Here’s what we’re reading at New Profit:

Winners Take All: The Elite Charade of Changing the World by Anand Giridharadas.

Anand Giridharadas raises an important question for philanthropists in Winners Take All that can be paraphrased as: “Are you giving to truly change the status quo?” He claims that many of today’s frameworks and tools for social change by and large perpetuate the status quo and makes a compelling case that some philanthropic approaches actually worsen the situation for the people they intend to help. While the New Profit team has a number of disagreements with Giridharadas’ argument, we also think his critique is on point in many cases and we believe that his core question is critical to ask. New Profit’s community is held together by the idea that systems thinking and approaches are needed to take on systemic challenges and we have to be willing to use that lens to think about core issues of inequality and the biases underpinning it, our own role in perpetuating it, and the ways we that we can push further to reduce it.

Social Startup Success: How the Best Nonprofits Launch, Scale Up, and Make a Difference by Kathleen Kelly Janus

Kathleen Kelly Janus is a social entrepreneur, author, and lecturer at Stanford University’s Program on Social Entrepreneurship who conducted a five-year research project interviewing hundreds of top-performing social innovators across the country – including many New Profit grantee-partners and community members – on the keys to nonprofit success. This book features the findings from that study and serves as a playbook for social entrepreneurs with insights on how to solve the problem of nonprofit scale, sustainability, and success. It presents five key strategies that are core to nonprofit breakthrough success: testing ideas; measuring impact; funding experimentation; leading collaboratively; and telling compelling stories. Philanthropists will benefit from learning about these strategies so that they can direct their funding to help the nonprofits they care about focus on investing in building these key competencies to enhance their impact.
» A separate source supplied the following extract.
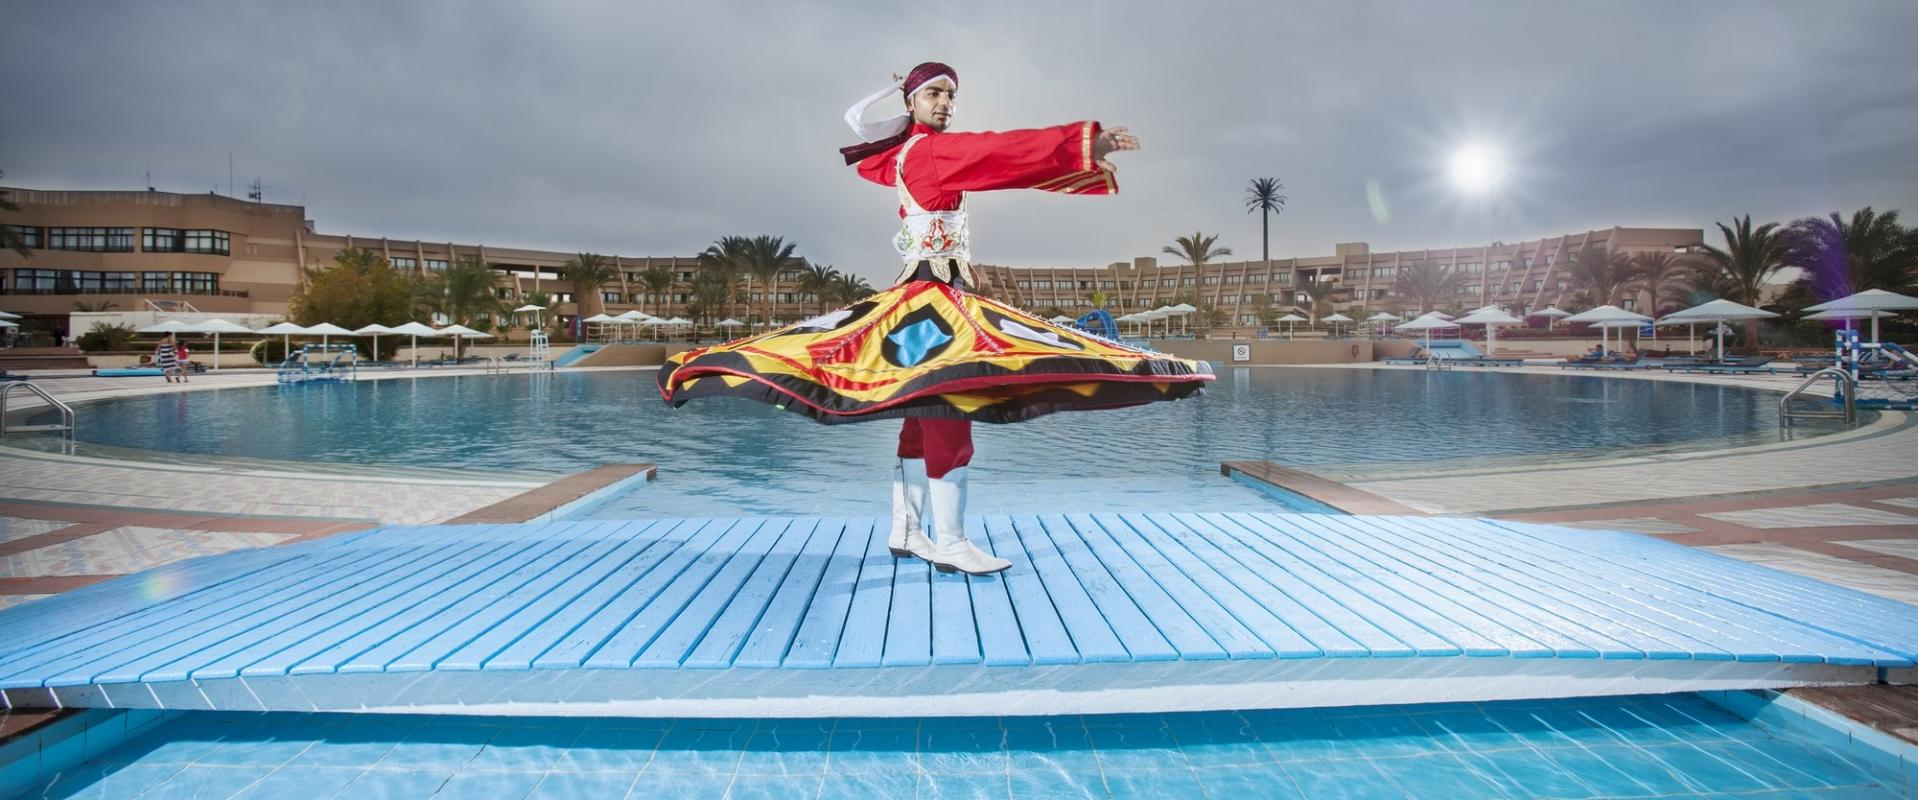 http://egypte.croisiere.voyage/wp-content/uploads/2016/11/HRG-SH-Hurghada-Resort-Entertainment-Tanoura-Dancer.jpg

Cuz: The Life and Times of Michael A. by Danielle Allen

Danielle Allen’s family memoir provides a critical look at the harsh inequality in our society and criminal justice system through the lens of a family experience. Allen, a political theorist and professor at Harvard University, tells the story of her Cousin Michael who grew up in South Central L.A. – a community transformed by the availability of narcotics and the rise of street gangs – and at fifteen, was tried as an adult for attempted carjacking. Michael spent 11 years in the Los Angeles prison system and Allen visited and corresponded with him regularly during that time, and was devoted to supporting him when he was released. Despite this, Michael was never able to get a fresh start as a result of reentering a community where opportunity was low and gang violence was high. It is critically important for us all to better understand the effects of mass incarceration, which disproportionately impacts African American males like Michael, on individuals, families, and communities of color. New Profit’s Unlocked Futures accelerator program is seeking to open the opportunity equation to those impacted by mass incarceration and support social entrepreneurs who have been directly impacted by the criminal justice system who are working to create pathways out of recidivism for other formerly incarcerated individuals.